» **Problem requirements**
If pictures appear, leave them out, and return exactly the lines from the one holding "Offbeat sky Boat" through the last line of the listing below.

» **The data**
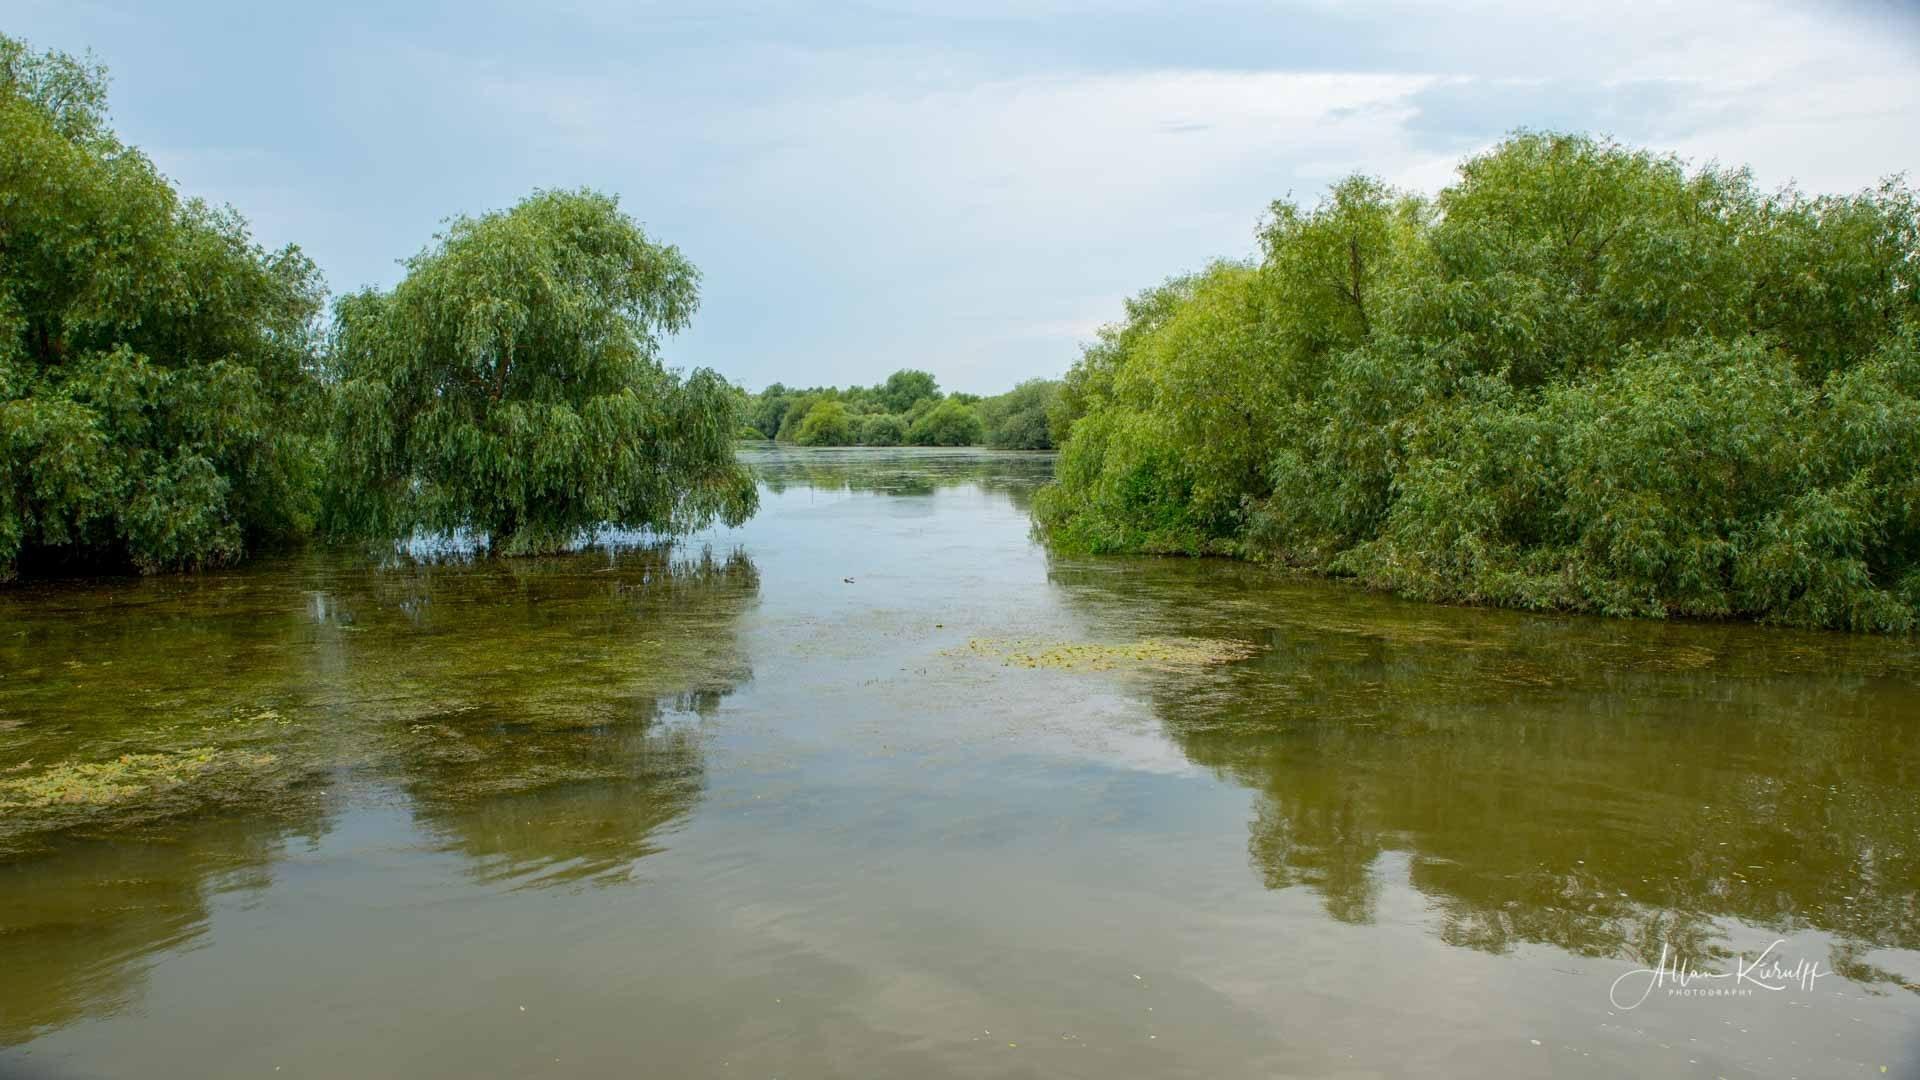 Donau Deltaet 41
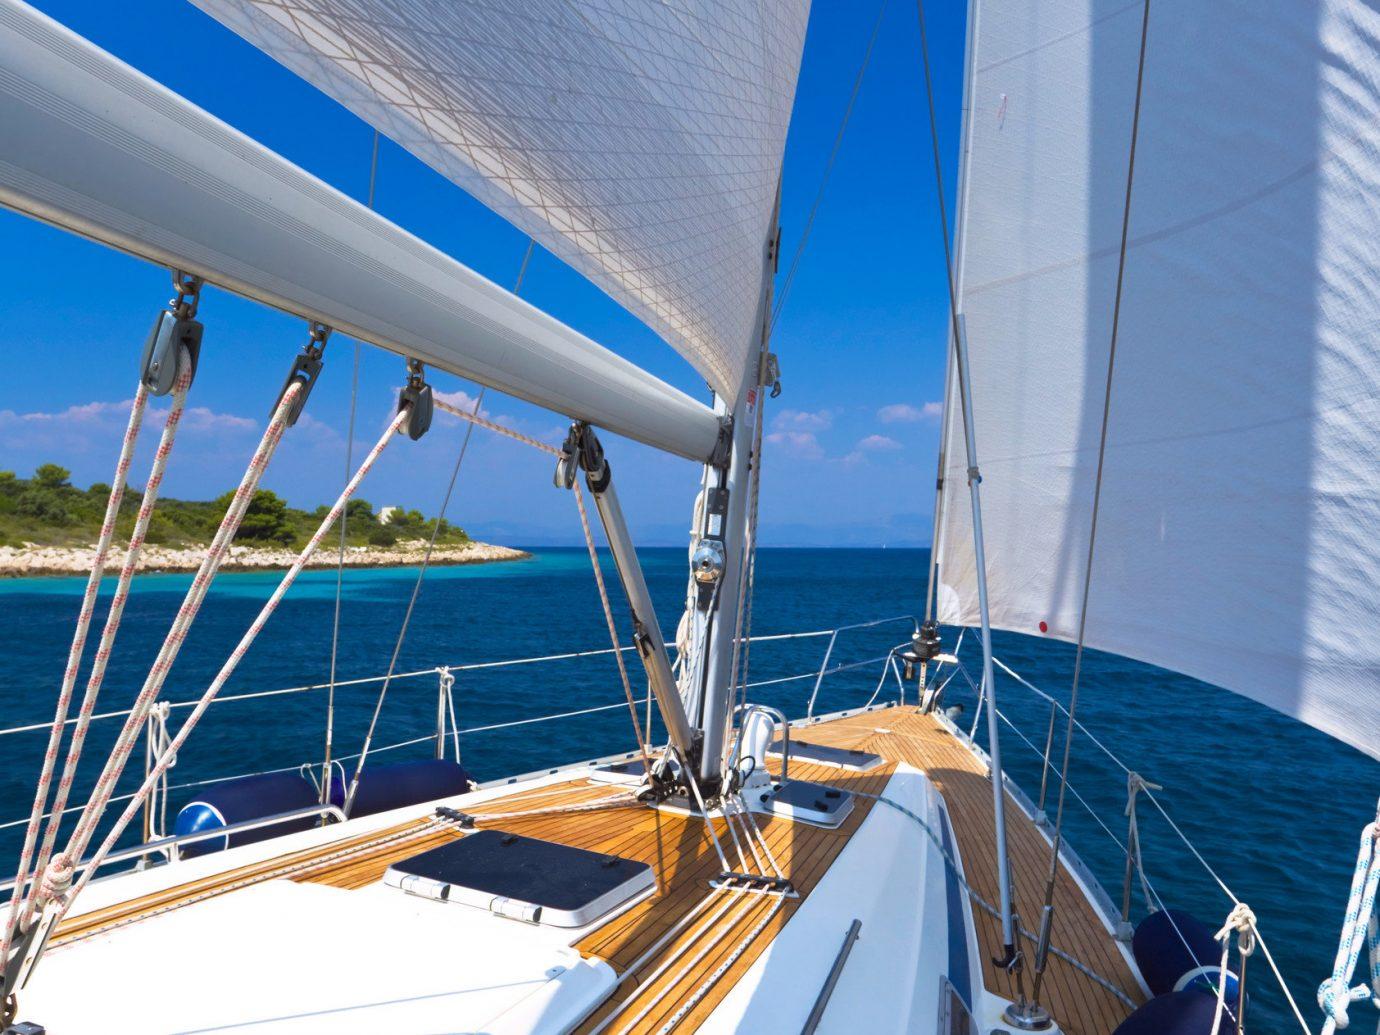 Offbeat sky Boat outdoor water sail vehicle sailboat watercraft sailing ship sailing vessel yacht ship transport mast passenger ship Sea sports sailing blue windsports docked
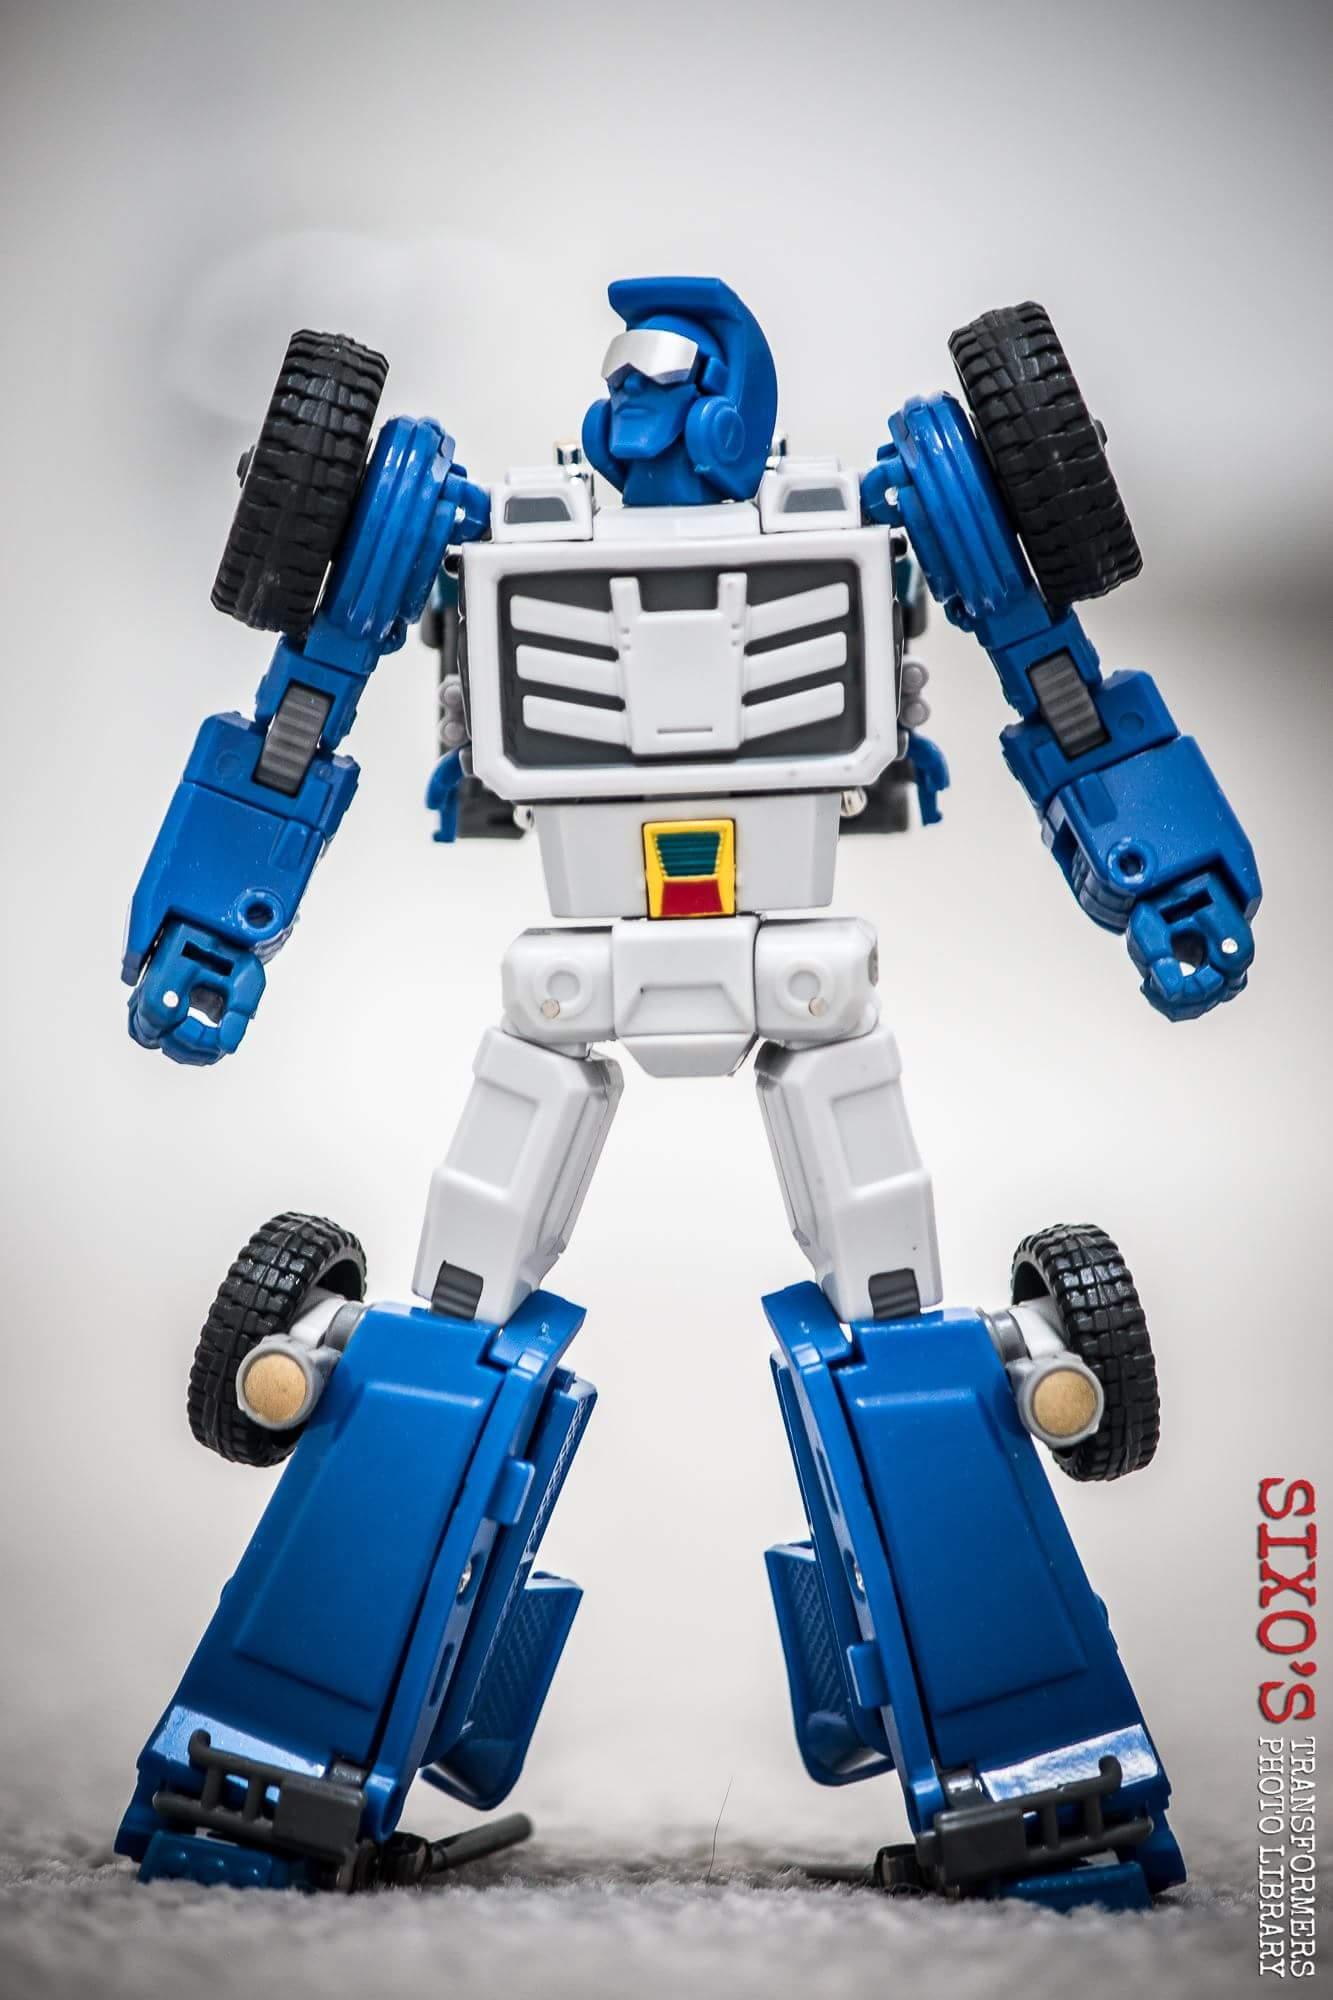 [X-Transbots] Produit Tiers - Minibots MP - Gamme MM - Page 6 Zm0pQ2G4
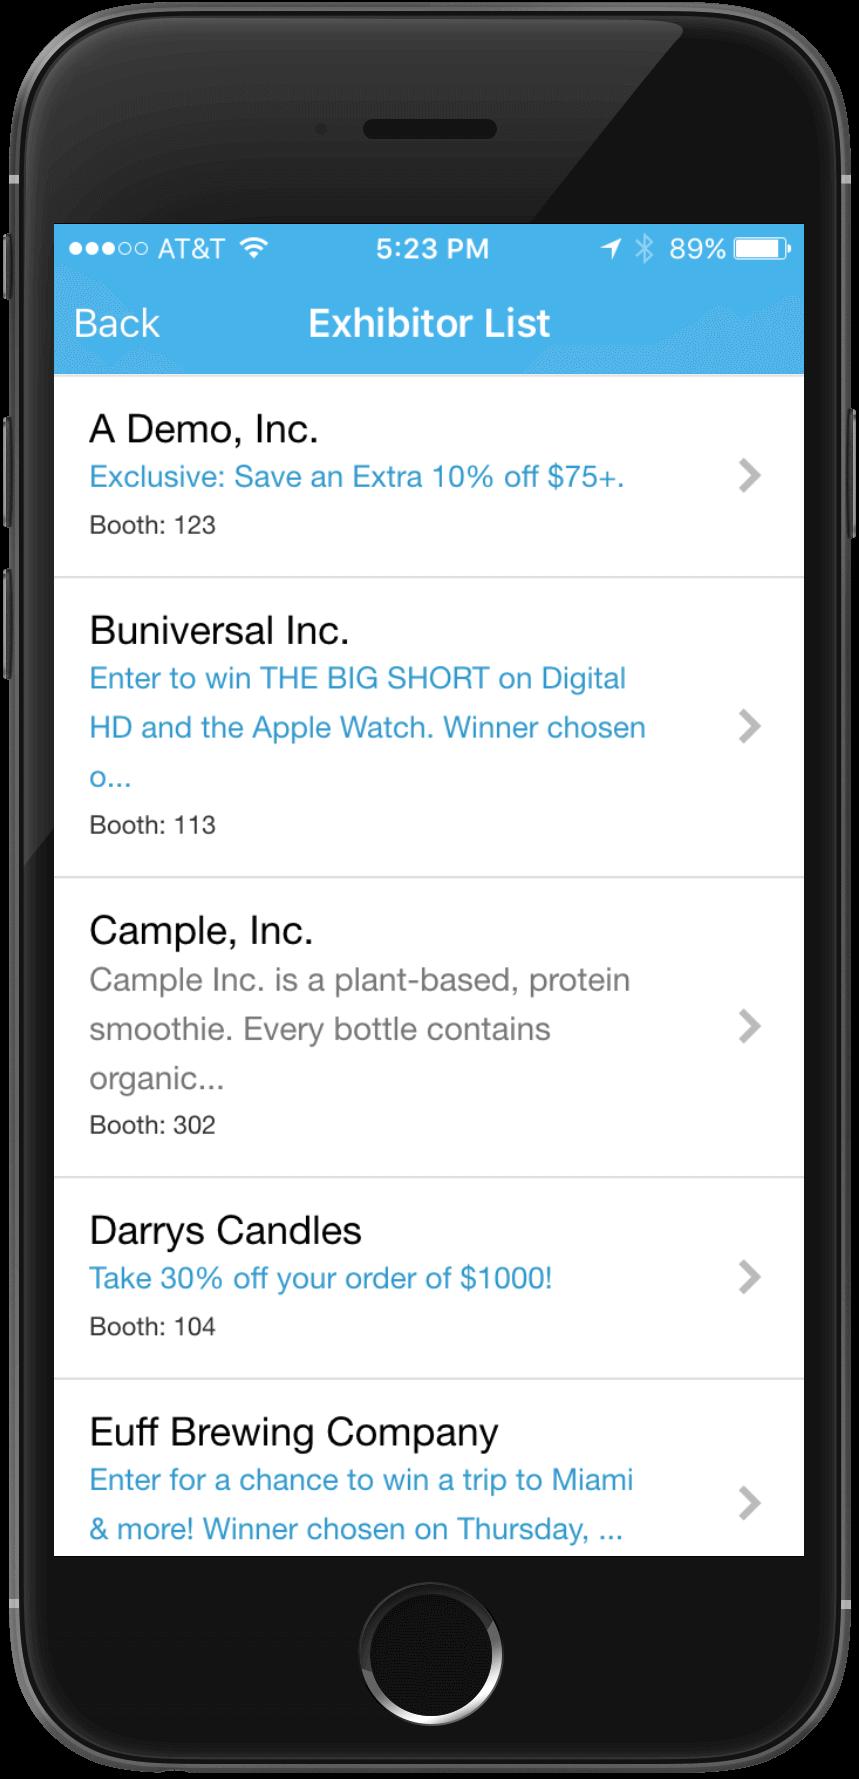 exhibitorlist-screen (2)

» **Written response**
 Offbeat sky Boat outdoor water sail vehicle sailboat watercraft sailing ship sailing vessel yacht ship transport mast passenger ship Sea sports sailing blue windsports docked
 [X-Transbots] Produit Tiers - Minibots MP - Gamme MM - Page 6 Zm0pQ2G4
 exhibitorlist-screen (2)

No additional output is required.